**What you should do**
When you write out the listing below, keep each word exactly as it stands and drop the pictures.

**Data provided**
· · · ·

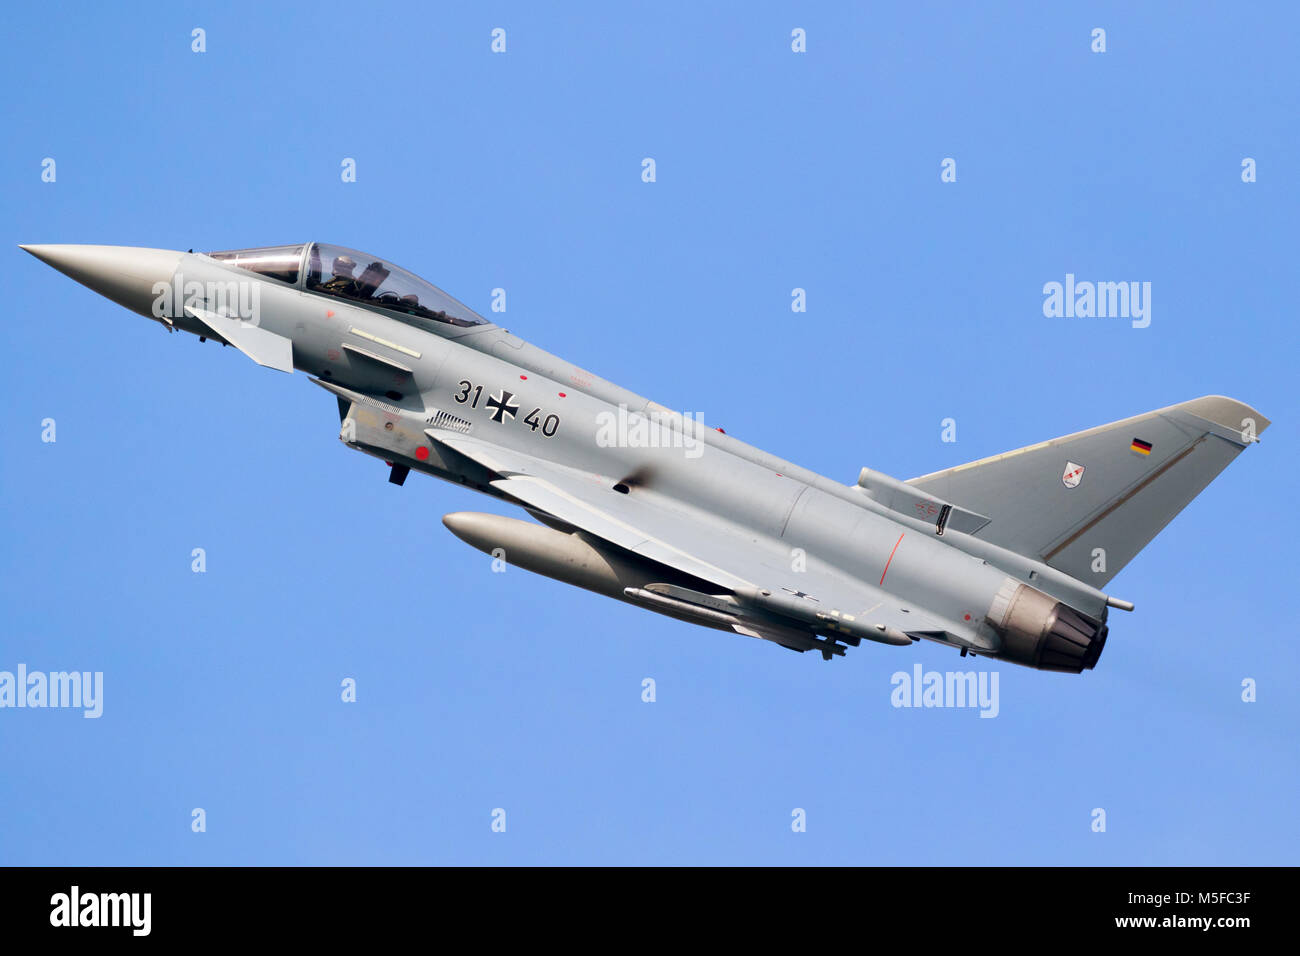 LEEUWARDEN, Pays-Bas - MAR 28, 2017 : German Air Force Eurofighter Typhoon jet chasse plaine en vol pendant l'exercice Frisian Flag. Banque D'Images
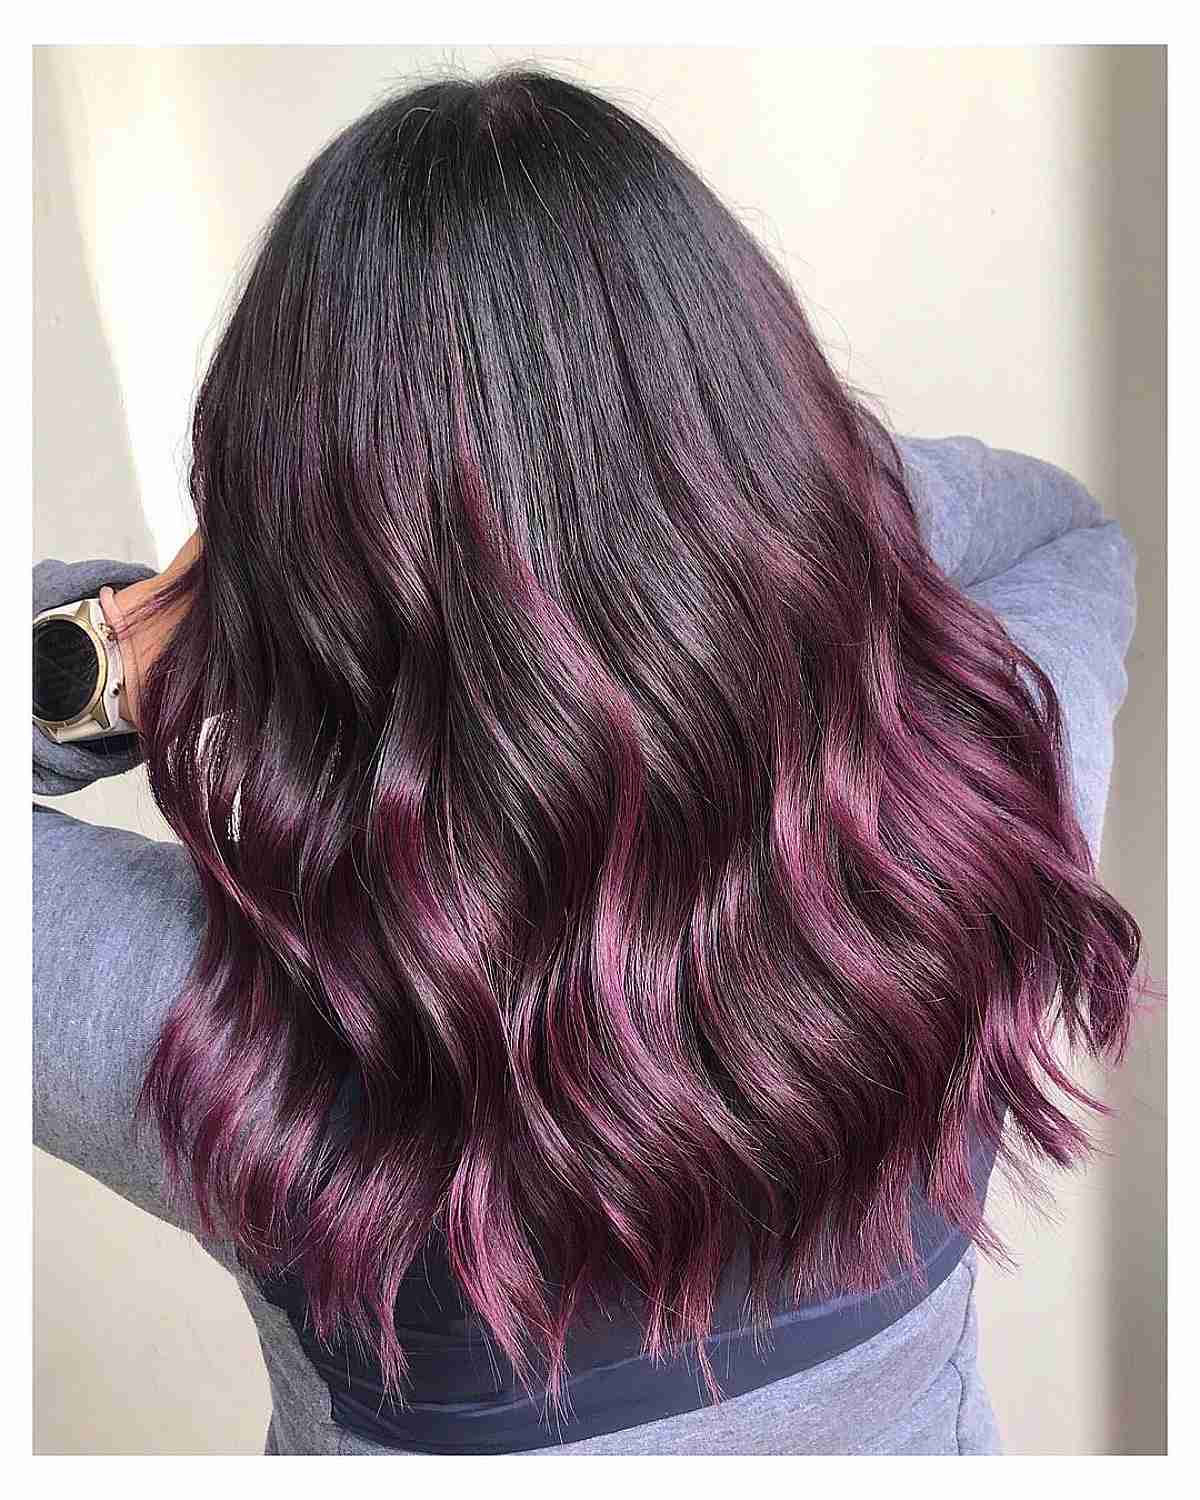 Tronco rosa cremoso com brilho cor de cabelo de inverno
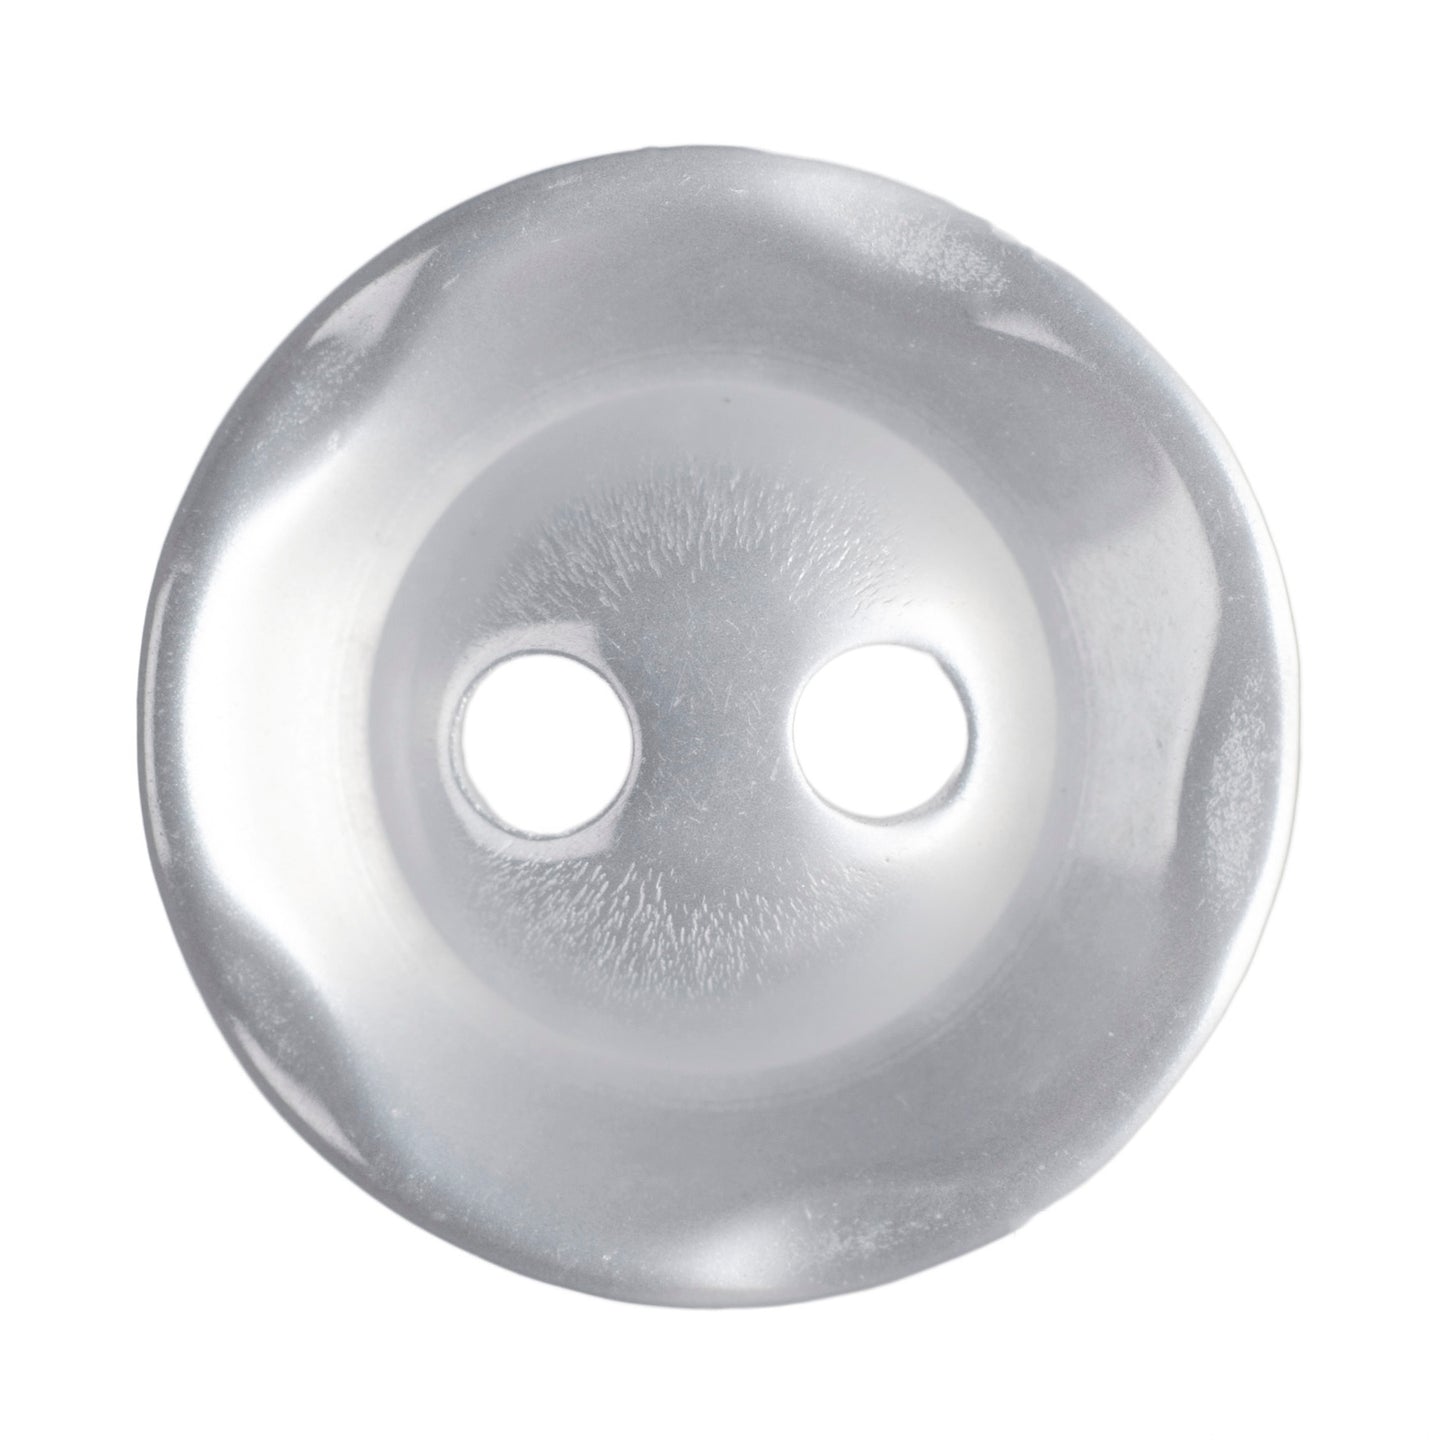 Polyester Scalloped Edge Button - 14mm - Pearl White [LA25.1]

· · · ·

**Expected answer**
 LEEUWARDEN, Pays-Bas - MAR 28, 2017 : German Air Force Eurofighter Typhoon jet chasse plaine en vol pendant l'exercice Frisian Flag. Banque D'Images
 Tronco rosa cremoso com brilho cor de cabelo de inverno
 Polyester Scalloped Edge Button - 14mm - Pearl White [LA25.1]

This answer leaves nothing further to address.